The statement comes after the two have not appeared on air since Tuesday morning.
Johannesburg – News channel eNCA has said its news anchors Xoli Mngambi and Jane Dutton have not been suspended, despite not appearing on air since Tuesday morning when they apologised for implying that President Cyril Ramaphosa had been undermined by Cogta minister Nkosazana Dlamini Zuma over the U-turn on the sale of cigarettes and tobacco during the lockdown..
In a statement, the channel’s managing director Norman Munzhelele said Dutton and Mngambi had not been suspended. “This is an internal matter and remains between the employer and employees.”
In a news bulletin, Mngambi and Dutton implied that Dlamini Zuma, in reversing the lifting of the ban on the sale of cigarettes announced by Ramaphosa on April 23, had undermined Ramaphosa’s powers as head of state.

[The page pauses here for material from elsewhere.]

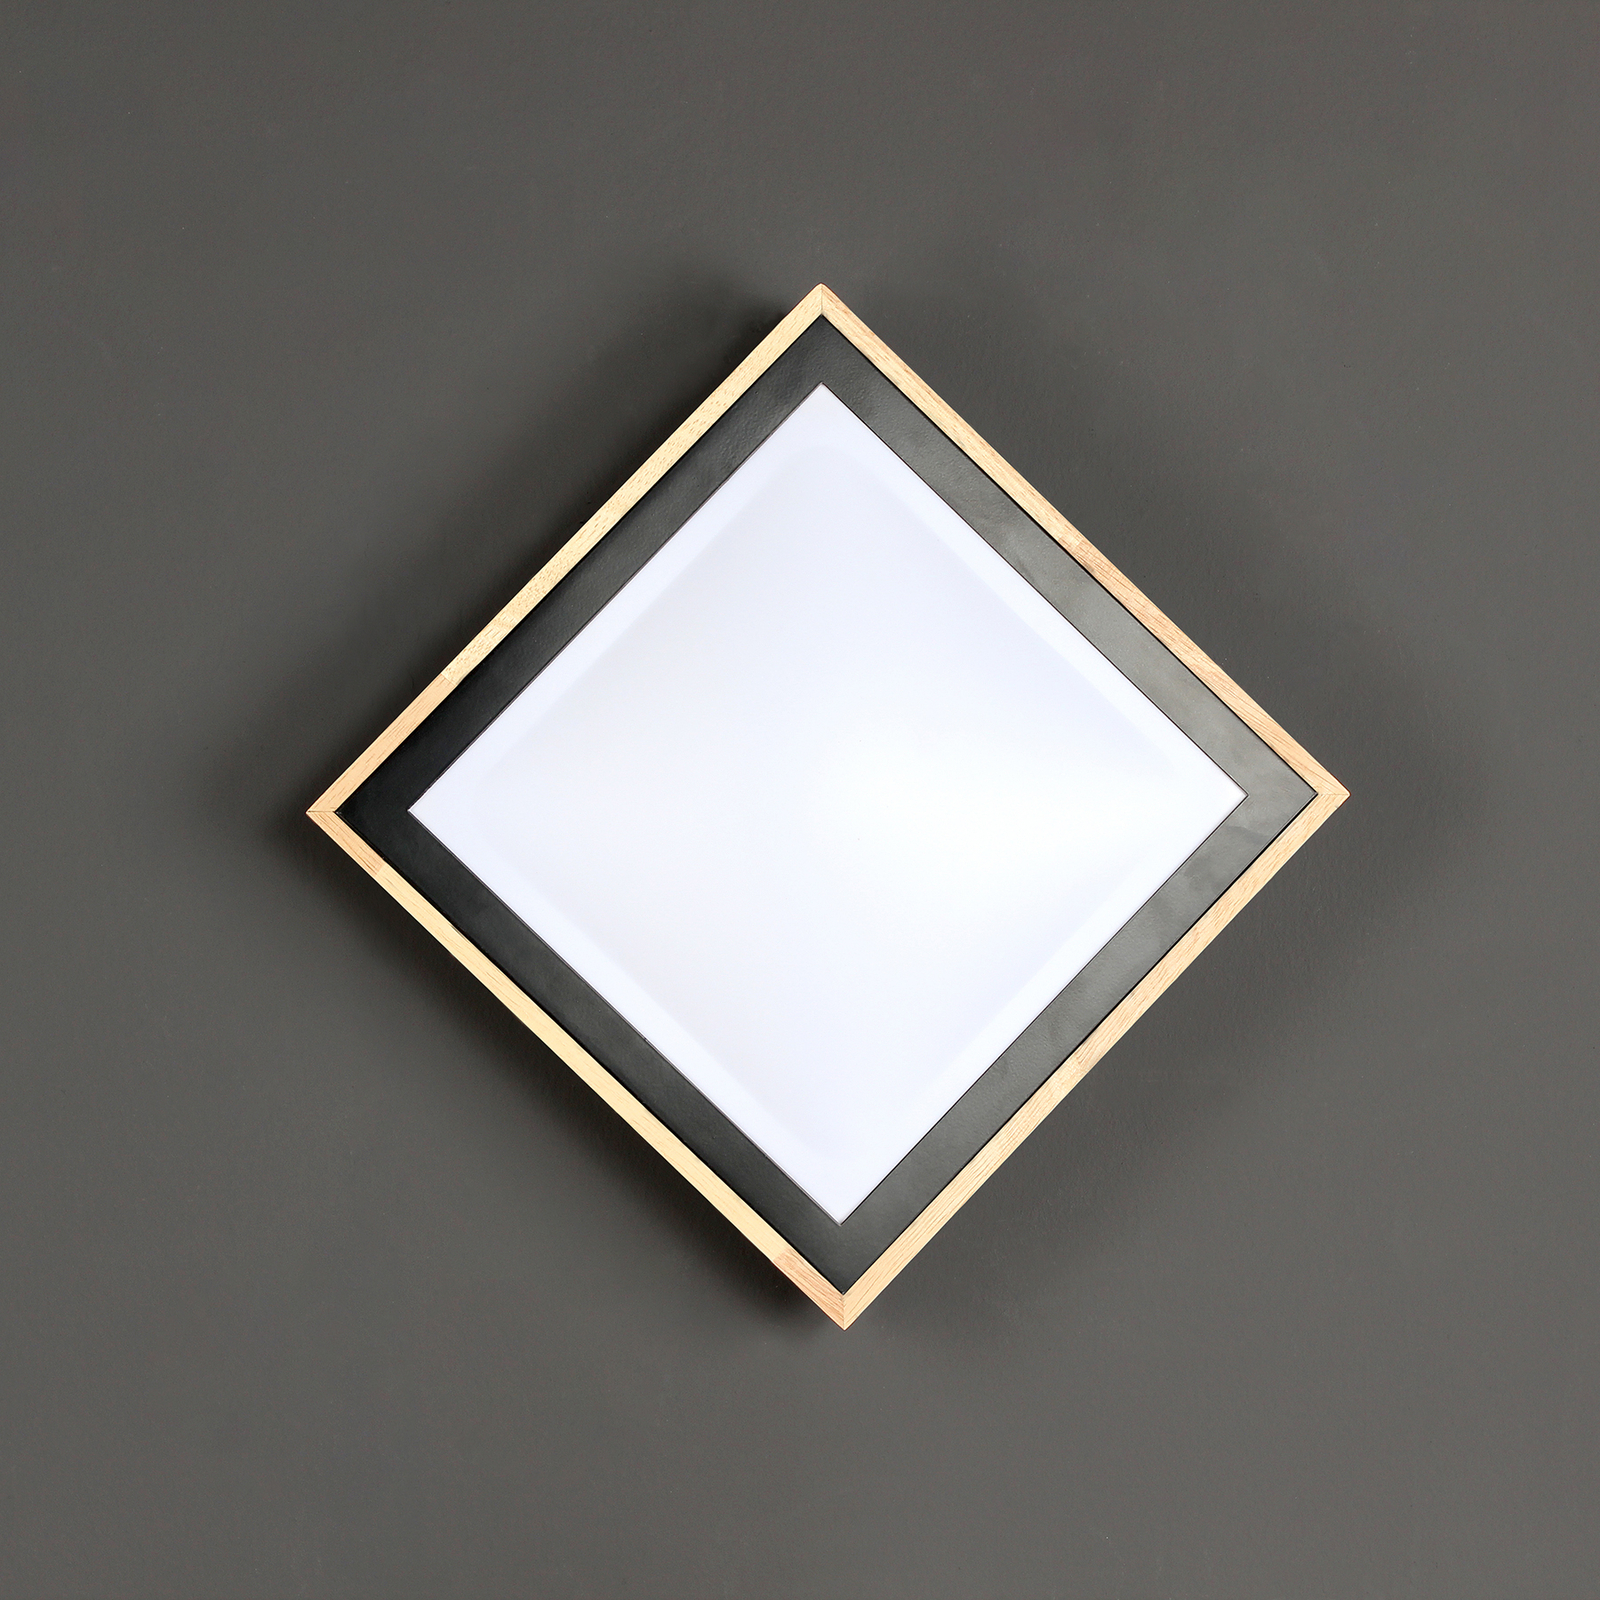 Stropné LED svetlo Solstar hranaté, 28,5 x 28,5 cm
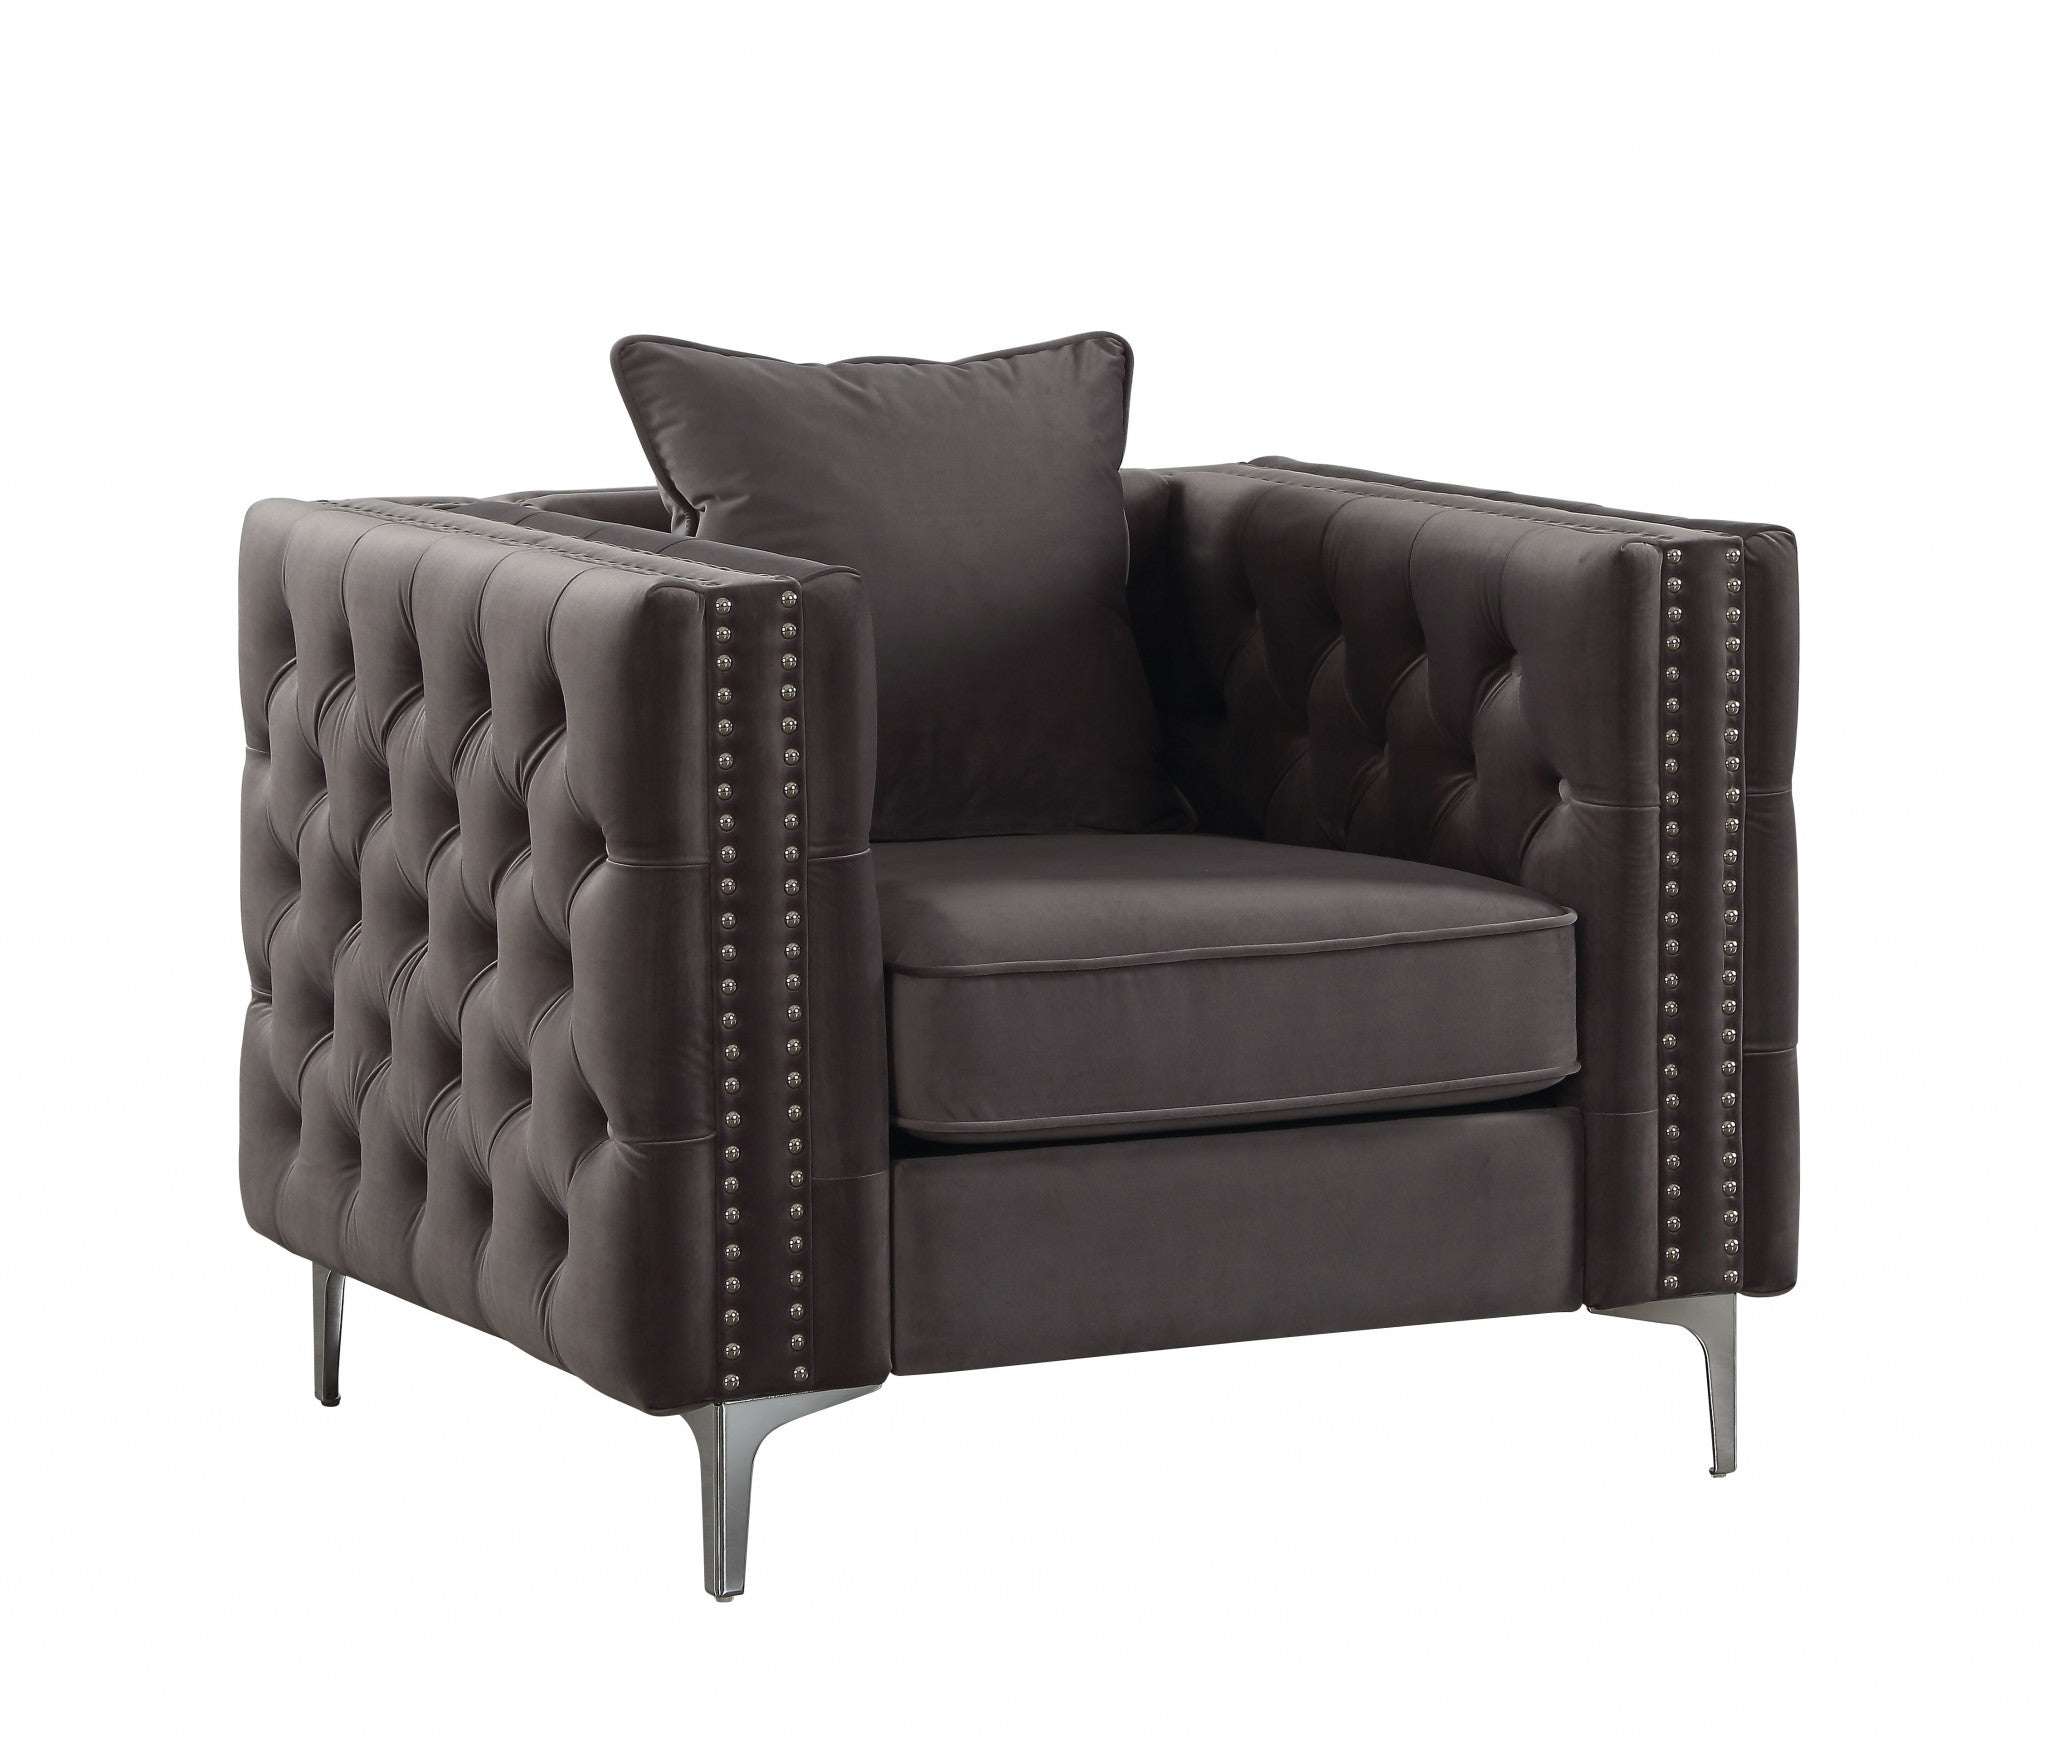 40" Dark Slate Gray And Silver Velvet Tufted Chesterfield Chair

It was suggested Ramaphosa has been emasculated by Dlamini Zuma.
Starting the now controversial exchange, the pair said Dlamini Zuma had shown it was not Ramaphosa but her who was controlling South Africa’s narrative right now with a “very public show of force” as she had exercised her “power and considerable influence” to enforce the ban.
Radio 702 talk show host Eusebius McKaiser said a previous news editor at eNCA had introduced the policy that required the news anchors to give opinions at the beginning of their news bulletin.
“So, Xoli and Jane were not going rogue; they were doing what they had been ASKED to do,” said McKaiser.
In December 2019, one of the channel’s former political reporters, Samkele Maseko, exposed political interference at the news channel through a series of tweets on his Twitter account.
This was after the channel’s then head of news Kanthan Pillay had Maseko frogmarched out of eNCA’s Hyde Park offices after he had resigned from the channel ahead of his then mooted move to the SABC.
In a tweet that subsequently received a huge public backlash and led to his resignation, Pillay tweeted that rats were “swimming towards a sinking ship” in reference to Maseko.